■ Your goal ■
Return, word for word, the lines of the listing below from the one with "Jody Horton Photography" through the one with "SlimFast Delights Crisp Bars", and no other lines.

■ Source records ■

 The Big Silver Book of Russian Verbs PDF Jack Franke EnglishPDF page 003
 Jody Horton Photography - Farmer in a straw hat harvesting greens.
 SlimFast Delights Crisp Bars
...
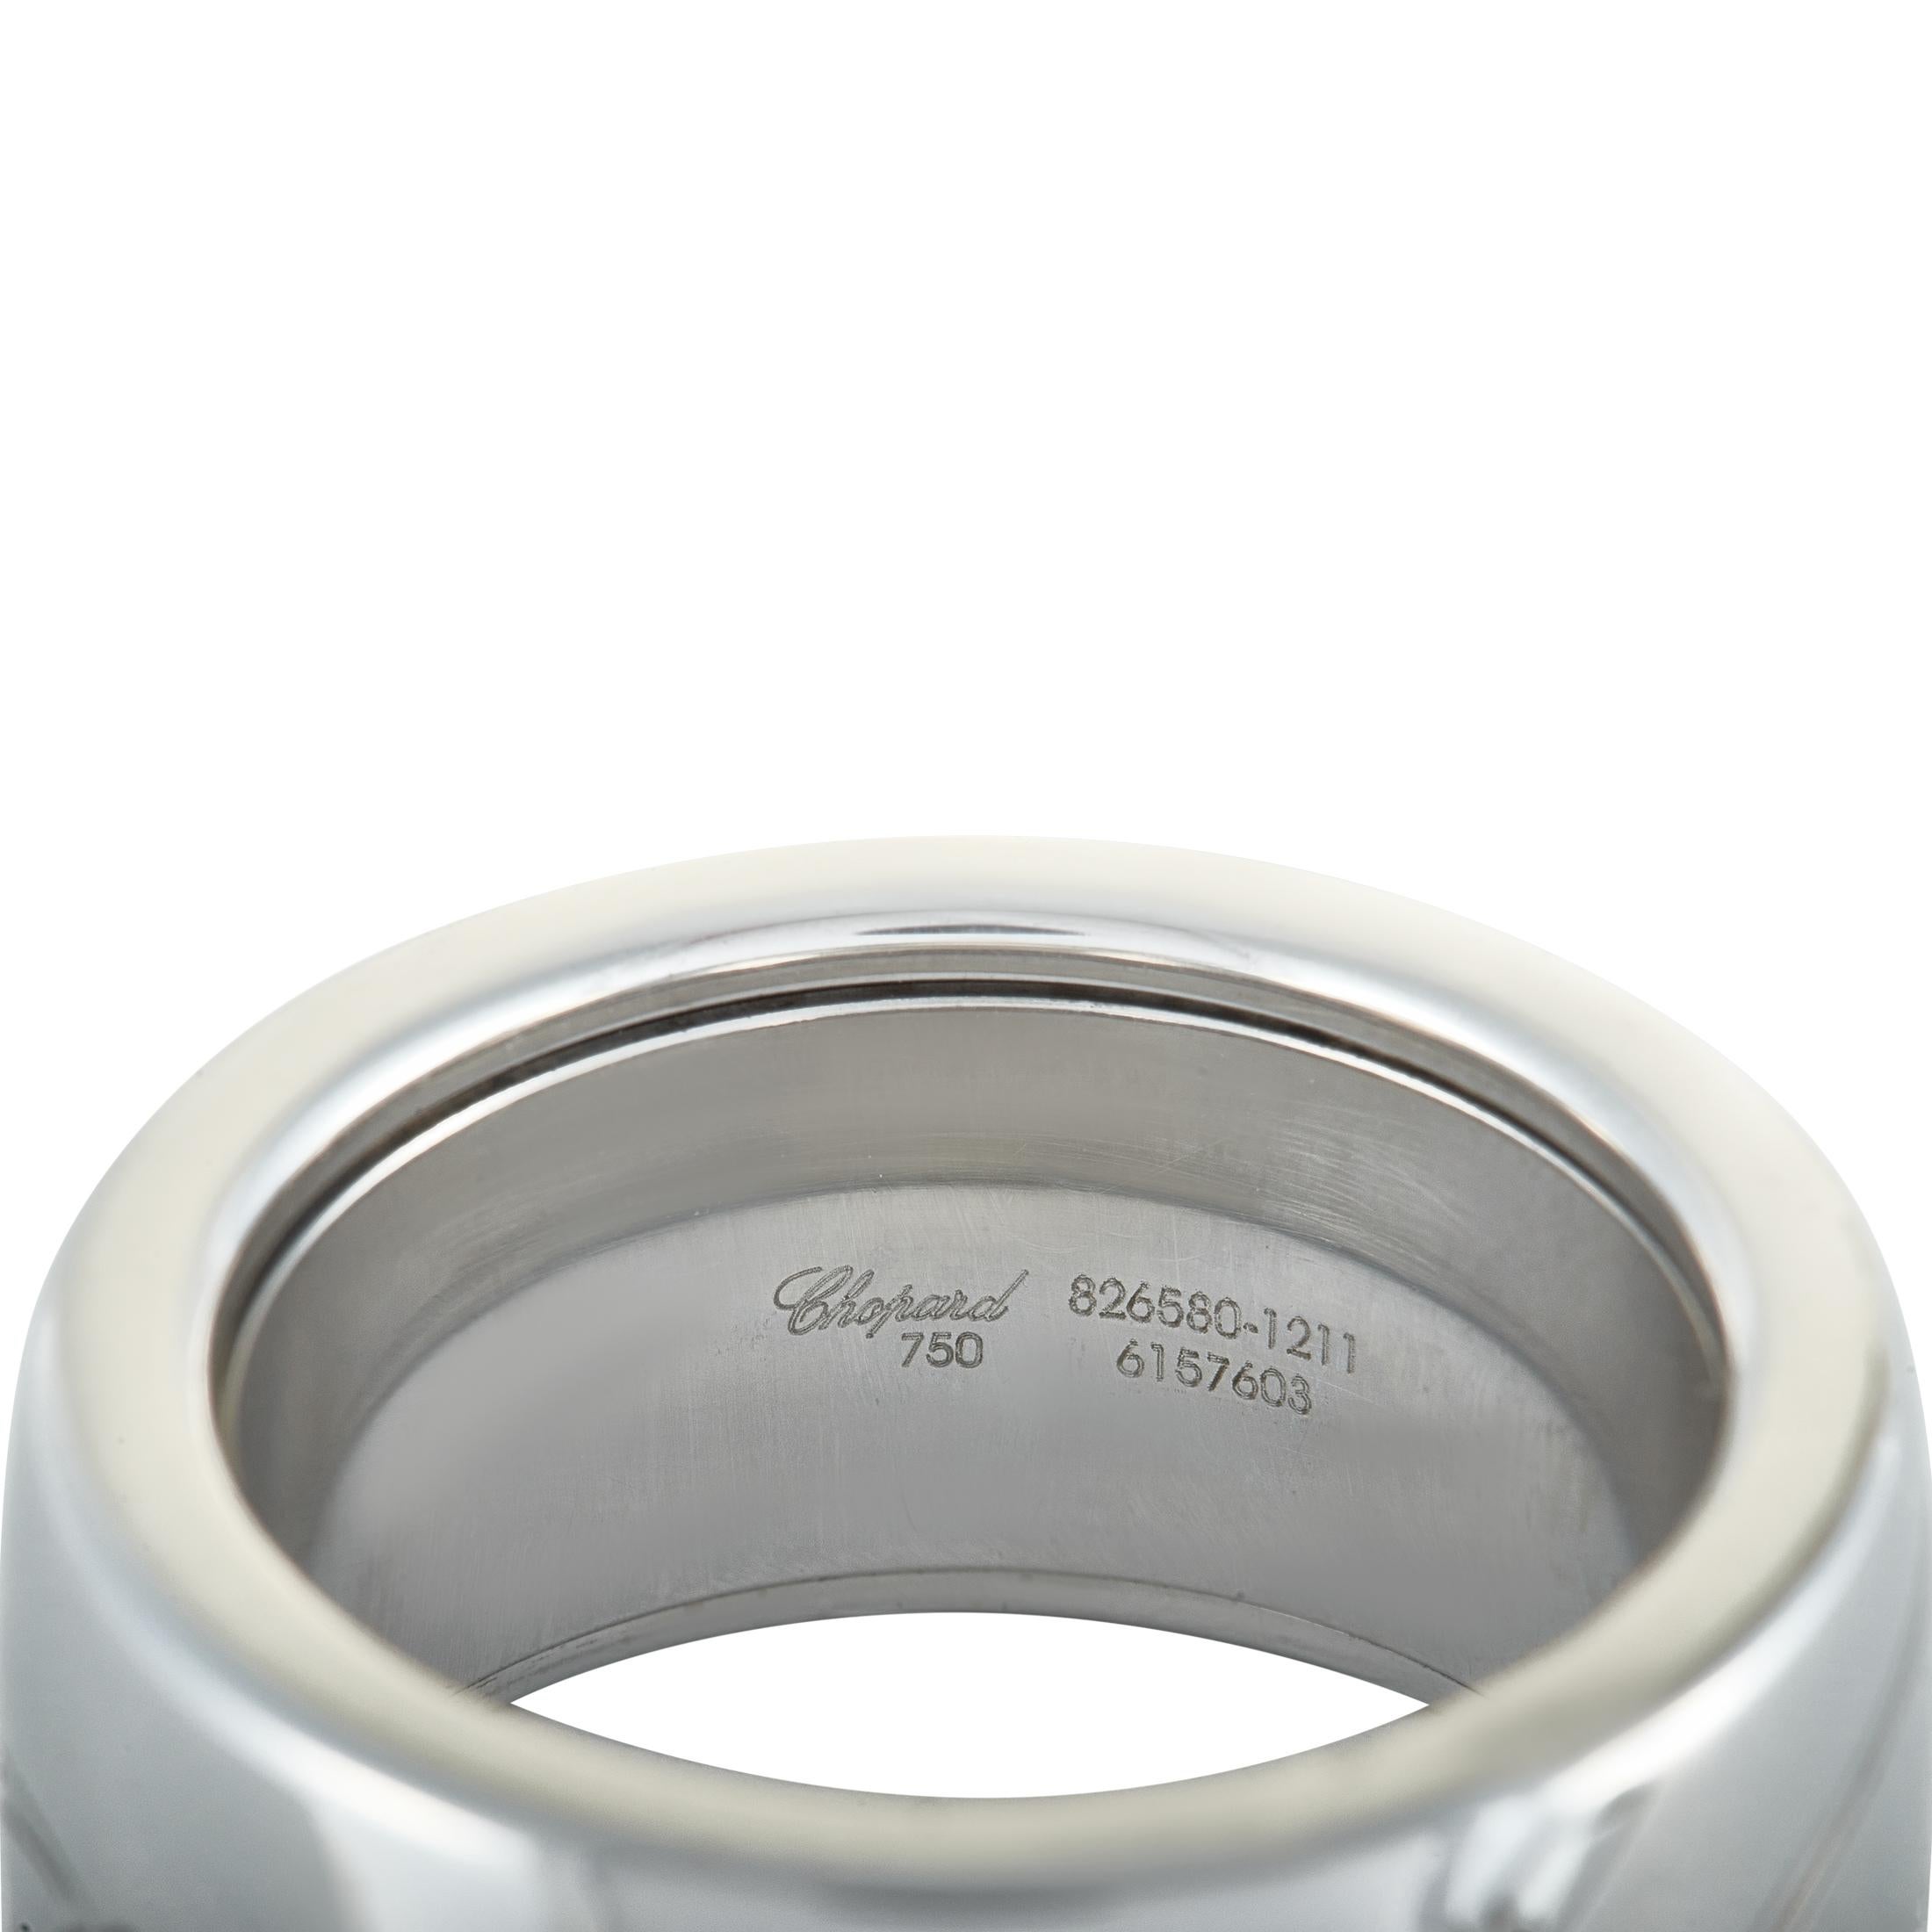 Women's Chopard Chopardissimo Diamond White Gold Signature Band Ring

■ Task output ■
 Jody Horton Photography - Farmer in a straw hat harvesting greens.
 SlimFast Delights Crisp Bars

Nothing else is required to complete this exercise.